Recently “The Catholic Church in the United States experienced a series of
attacks this weekend all over the country.

The Archdiocese of Los Angeles saw a fire in an eighteenth-century mission church,
San Gabriel, founded in 1771 by St. Junipero Serra. Firefighters
responded to the call at 4:24 a.m. on Saturday, July 11.

Archbishop José Gomez tweeted about the fire,
asking for the intercession of St. Junipero.

St. Junipero has become a point of attack during recent protests
in the United States.
The Spanish Franciscan priest converted thousands of native Californians
to Christianity. Pope Francis canonized him while in the United States in 2015,
recalling how the saint “defended the dignity of the native community.”

Meanwhile, in Ocala, FL, the Marion County Sheriff’s office reported
someone set fire to Queen of Peace church just before Sunday morning Mass on July 12.

The police allegedly found a car crashed into the front of the church.
The suspect then poured gasoline in the narthex and lit it on fire,
before escaping in the same vehicle. No parishioners were wounded.
The suspect was arrested and is in Marion County jail on no bond.

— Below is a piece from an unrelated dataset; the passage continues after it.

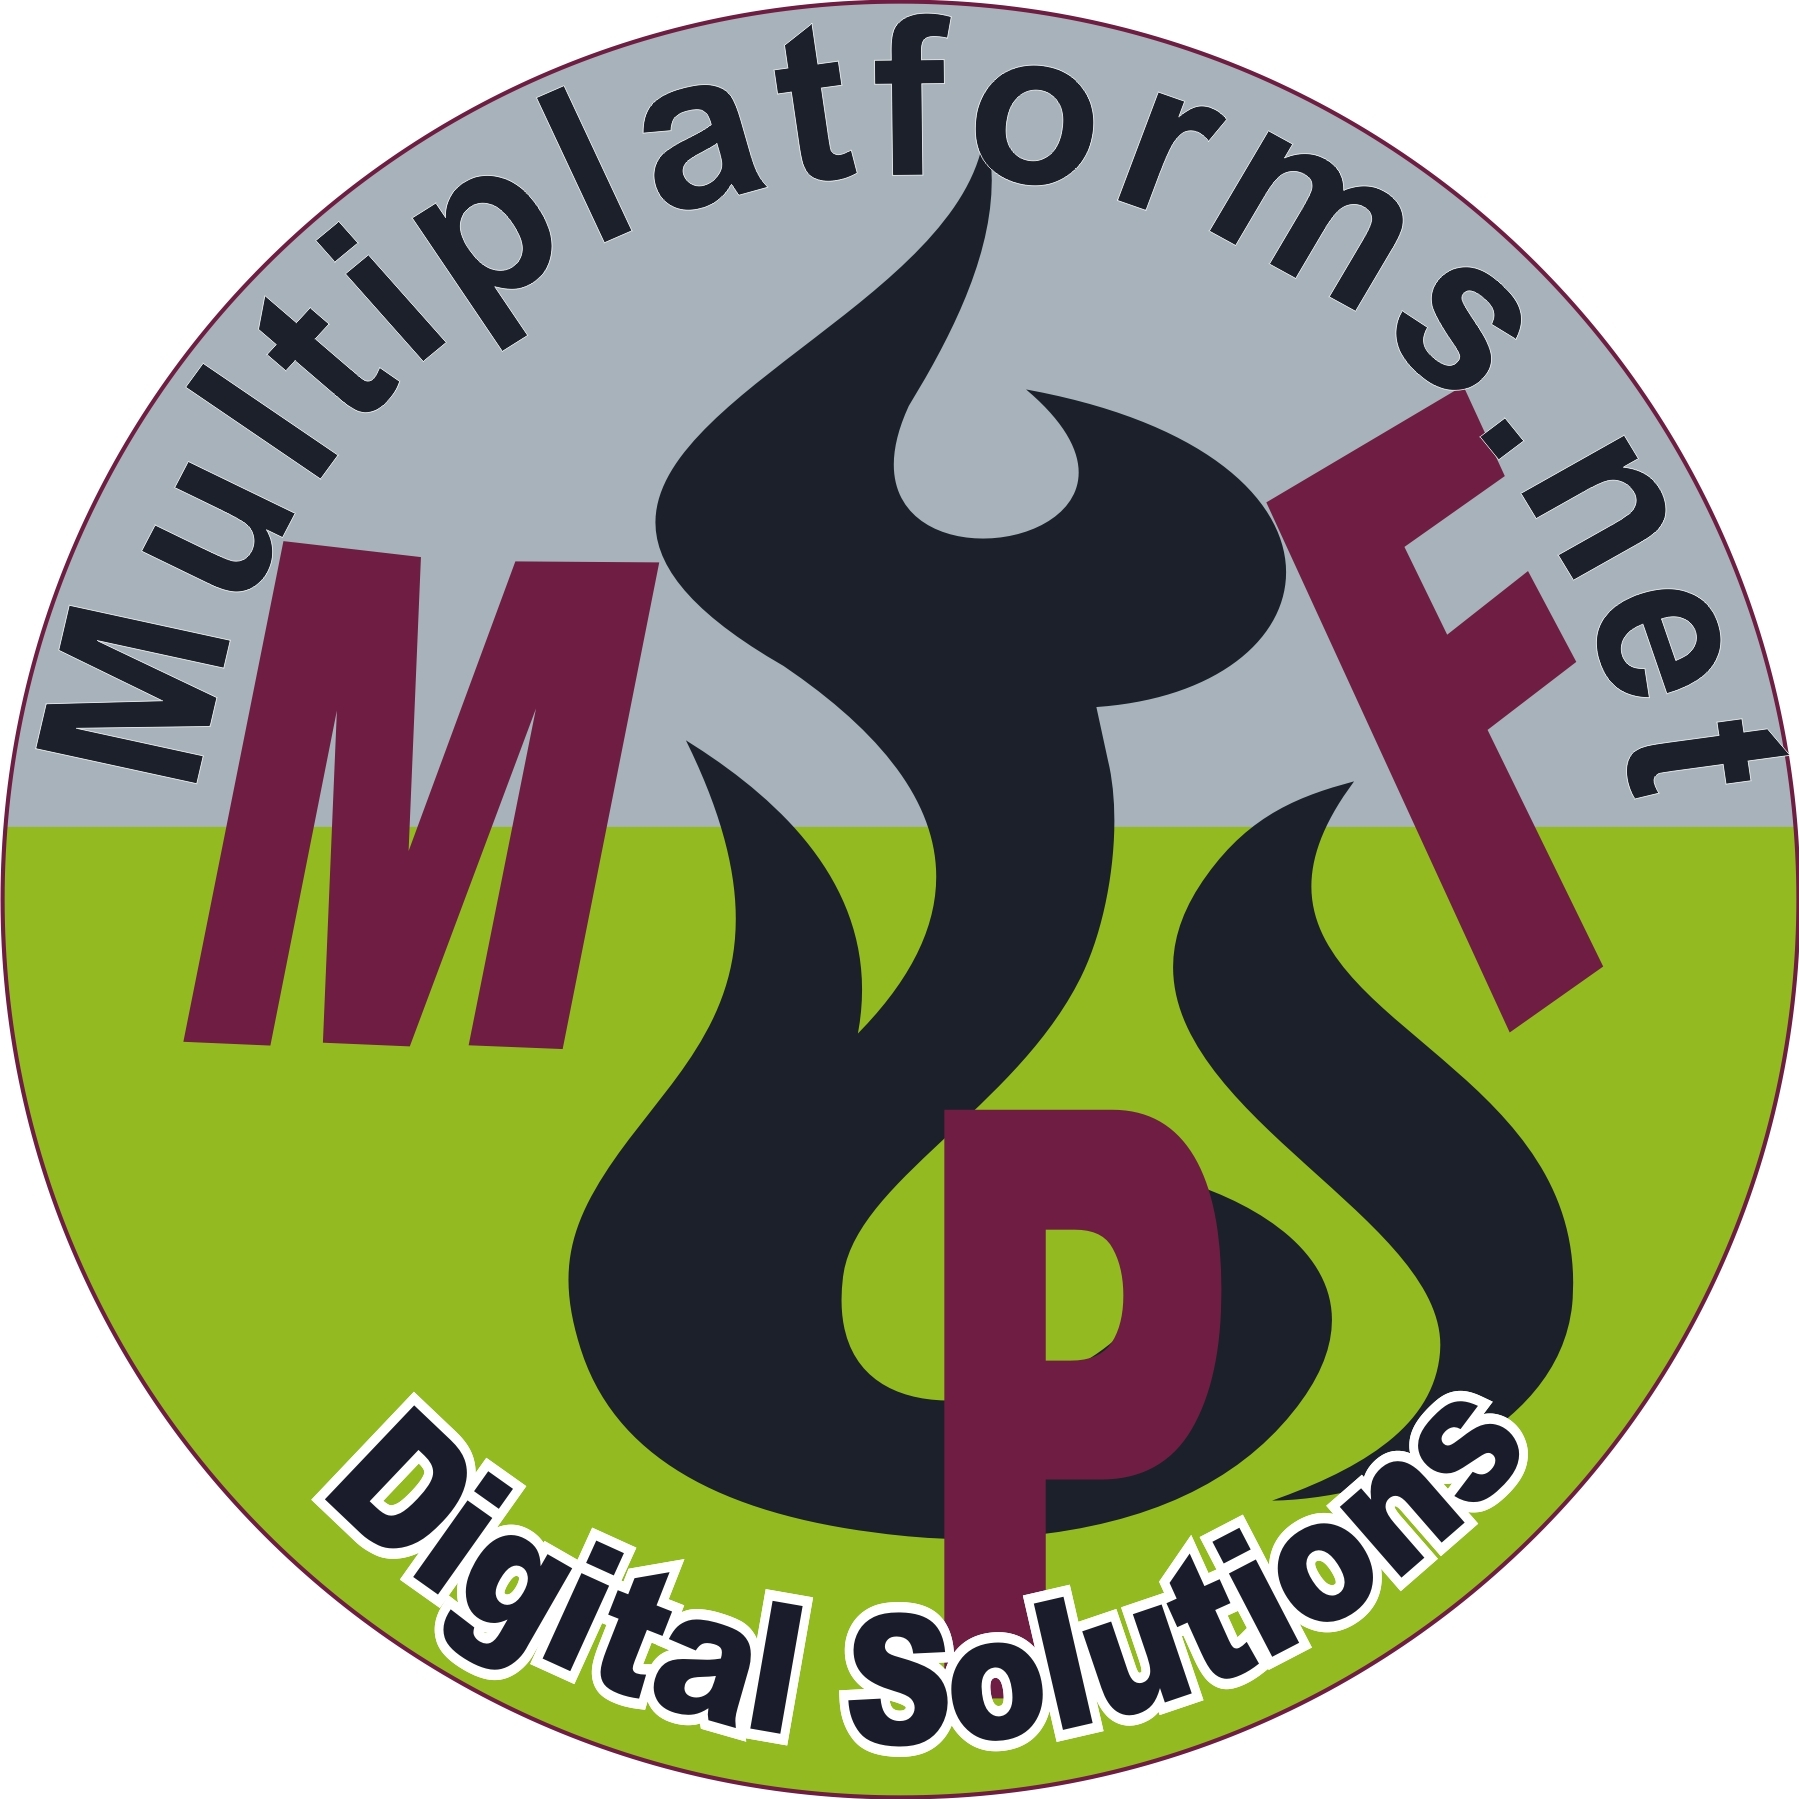 Multiplatform Digital Information Technology LTD

The Boston Police Department is currently investigating an arson of a
statue of the Blessed Mother at St. Peter’s Parish Church in Dorchester
on Saturday, July 11.
They report an unknown suspect lit the plastic flowers in
the Madonna’s hands on fire, resulting in burning on the statue’s
face and upper body.

Another statue of Mary was vandalized on Friday, June 10 at 3:09 a.m.
at Cathedral Prep School and Seminary in New York. The statue, which had
been at the entrance of the all-boys school for more than 100 years,
had the word “IDOL” written on its front. It was cleaned Friday morning by staff.
The Diocese of Brooklyn announced that the New York Police Department
is currently investigating the case.

These acts of vandalism come as Catholics are returning to churches
in many states, after the lockdown and closure of parishes due to coronavirus.
The actions also coincide with protests and the removal of various historical
statues across the United States, spurred by the death of George Floyd.

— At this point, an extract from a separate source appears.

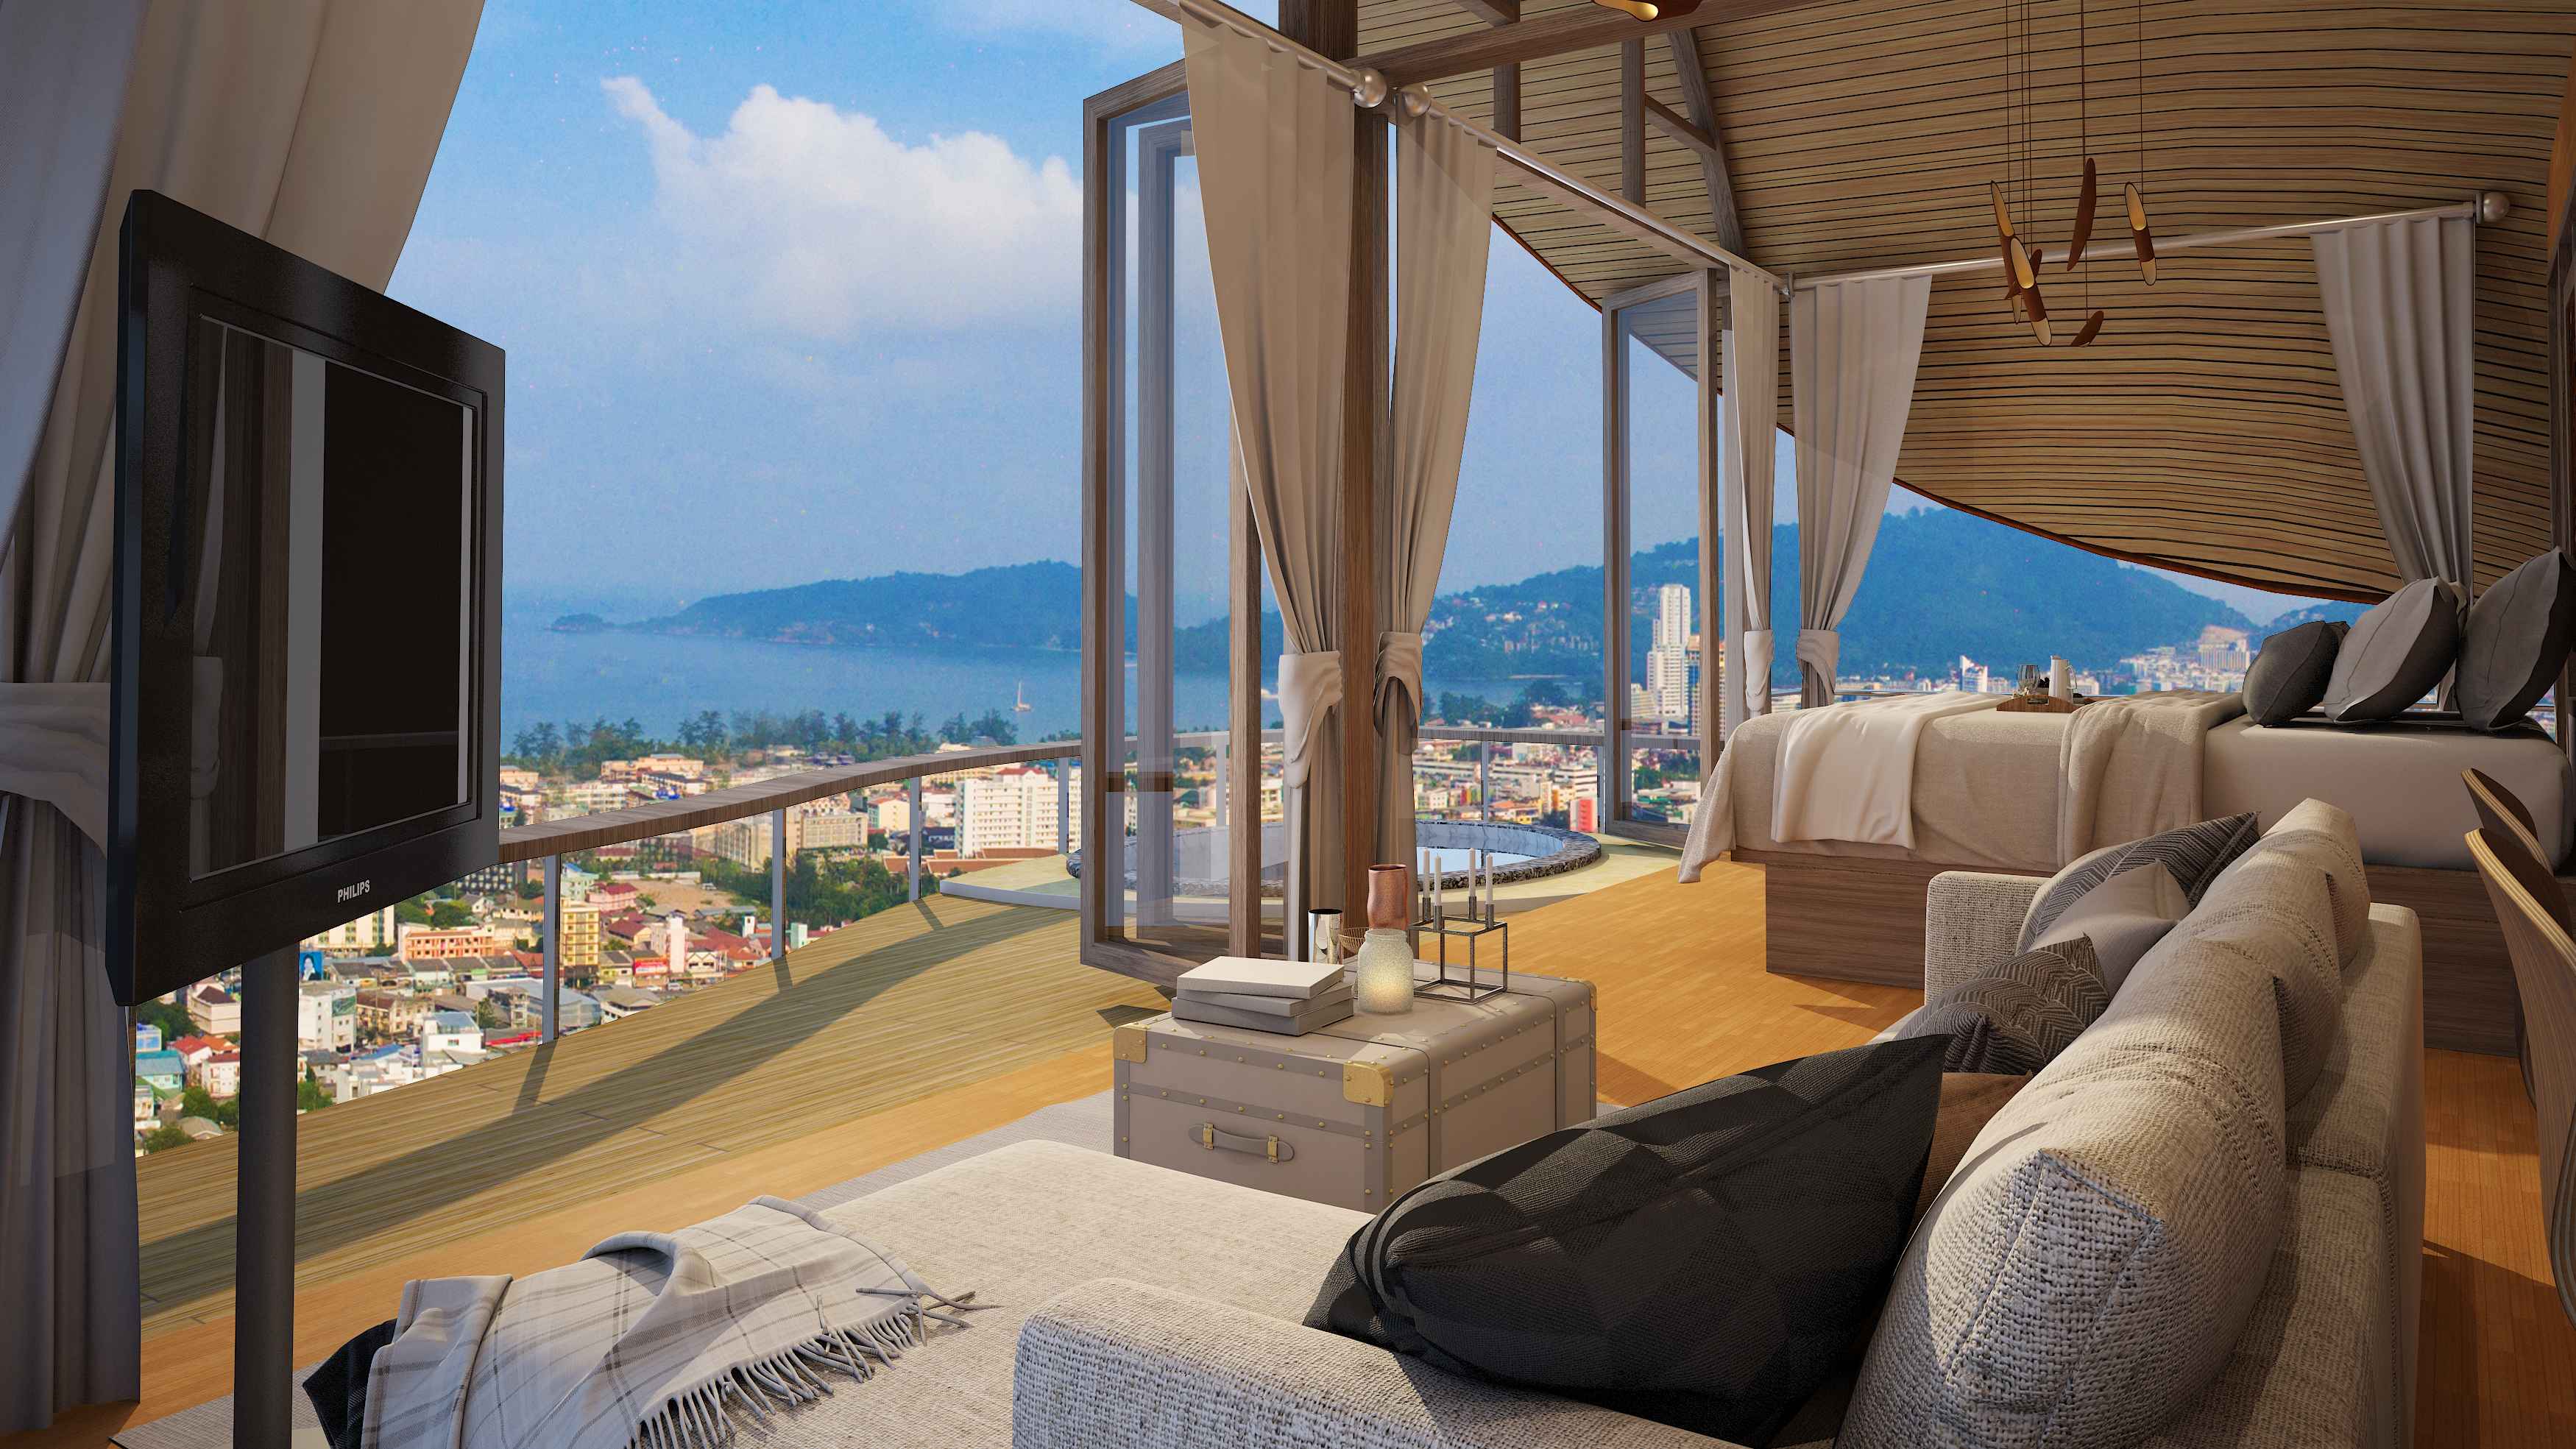 1 Bedroom Luxury Birdnest Seaview

https://www.romereports.com/en/2020/07/13/churches-burned-and-statues-of-mary-vandalized-in-catholic-churches-across-us/

And then there was the fire at the Cathedral of Saint Pierre-et Saint Paul in Nantes, France

A fire at the cathedral in the French city of Nantes is believed to
have been started deliberately, prosecutors say.
Three fires were started at the site and an investigation into suspected arson
is underway, Prosecutor Pierre Sennes said.
The blaze destroyed stained glass windows and the grand organ at
the Saint-Pierre-et-Saint-Paul cathedral, which dates from the 15th Century.

https://www.bbc.com/news/world-europe-53455142

And so finally, it seems that someone in Washington is taking notice…
Indiana Republican Rep. Jim Banks is demanding federal authorities
at the Department of Justice (DOJ) investigate mob attacks on Christian statues
and churches in their continued purge of human history in the name of “social justice.”

“Over the last two months as Americans have seen statues of American heroes
toppled and memorials dedicated to our national memory desecrated,
those responsible for these acts have also in their sights Catholics,
statues of saints and churches,” an email from Banks’ office read Wednesday.